The Fortitude Valley Post Office and Telegraph Office, as it was first called, was constructed in 1887 by William Ferguson for the Queensland Post and Telegraph Department to a design prepared by the Colonial Architect's Office of the Department of Public Works. The original working drawings are unsigned however it is believed that the design was carried out by either John James Clark, who was the Colonial Architect from 1883 to 1886 or George St Paul Connolly, who held the position from 1887 to 1891. The building, composed in the Victorian Italianate architectural style, is one of only ten substantial Queensland post offices designed in this style that were all built between 1879 and 1898. Comparatively, the Fortitude Valley Post Office has the most ornately detailed cement-rendered facade and is the only post office designed and constructed with mansard roofs. The building was also one of only two masonry post offices that were built in 1887 – all others were constructed of timber.

Government policies in 1887 required that post and telegraph services were combined, and that accommodation for postmasters and their families be provided. Accordingly, the Fortitude Valley Post Office was designed to have post and telegraph services at ground level with living quarters above. A single-storey service wing originally extended northwards to the rear of the building and opened onto a fenced courtyard abutting Ballow Street. Internally the ground floor consisted of a spacious office area for the combined services of post and telegraph. Access to the postal services was via the vestibule located at the corner of Ann and Ballow Streets that led to a small public area with a diagonal counter. Telegraph or parcel services were accessed via the smaller vestibule located at the far end of the arcade facing Ann Street. The first floor was occupied entirely by the postmaster's living quarters and consisted of two living rooms, four bedrooms and an internal bathroom. The single-storey service wing at the rear consists of the postmaster's dining room, kitchen and servant's room. Earth closets were located adjacent to the kitchen, in northern corner of the site.

At the time of the Fortitude Valley Post Office's construction, the suburb was experiencing a period of great business and residential expansion. Nearby areas such as New Farm and Teneriffe to the east and Breakfast Creek and Bulimba Reach to the north were similarly experiencing expansion. The opening of the Teneriffe wharves to international shipping accelerated the growth of the area and this, together with a large increase in the volume of business, placed severe strain on the original postal and telegraph facilities in Fortitude Valley that had been set up in 1877. The government's purchase of the site at the corner of Ann and Ballow Streets in 1884 caused a controversy amongst the local residents and businesses in Fortitude Valley who desirous of a centrally located post office closer to the centre of business, at the corner of Brunswick and Wickham Streets. The matter caused some debate within the Post and Telegraph Department in 1885; however plans for the Ann Street site proceeded irrespectively. Aversion to the post office's location persisted among the local community for many years until eventually the matter was settled in 1936 by the Director-General of the Postmaster-General's Department in Melbourne who declared that funds for the construction of a new post office would not be available.
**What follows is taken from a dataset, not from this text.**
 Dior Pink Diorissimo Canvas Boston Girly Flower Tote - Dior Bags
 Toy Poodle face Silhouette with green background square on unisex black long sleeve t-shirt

Following the Federation of Australia, Postmaster General's Department was established in 1901, after which the responsibility for the Fortitude Valley Post Office was transferred to the Australian Government. Minor alterations were made to the ground floor interior in 1909 and again in 1925. It was around this time that the post office took on the ancillary responsibility of social security payments. A report prepared by the Acting District Inspector in November 1929 stated that 1,205 pensions were being paid weekly from the Fortitude Valley Post Office and it was understood that this was, with one exception, the heaviest pensions paying centre in Australia at the time. Documentation of the removal of the mansard roofs and cast concrete capitals from the Fortitude Valley Post Office has not been found; however, it is believed to have occurred prior to 1949. Pressure from the Australian Government to expand facilities eventually led to the vacation of the postmaster from the first floor c. 1950. It was proposed that the rooms be used for a Telegraph and Despatch room and staff facilities; however the area was used minimally thereafter. In 1958 major alterations were carried out on the entire building. Amongst these changes was the introduction of a stairwell in the main entrance vestibule, private letter boxes in the smaller vestibule off Ann Street, removal of all interior walls on the first floor and the partial rebuilding of the service wing at the rear. Further alterations, carried in 1970, caused the rear wing to be completely demolished and replaced with a larger two-storey wing that abuts Ballow Street. Substantial reorganisation of the original post office's interior was also carried out at this time. Suspended ceilings were introduced in some areas of the ground floor at this time.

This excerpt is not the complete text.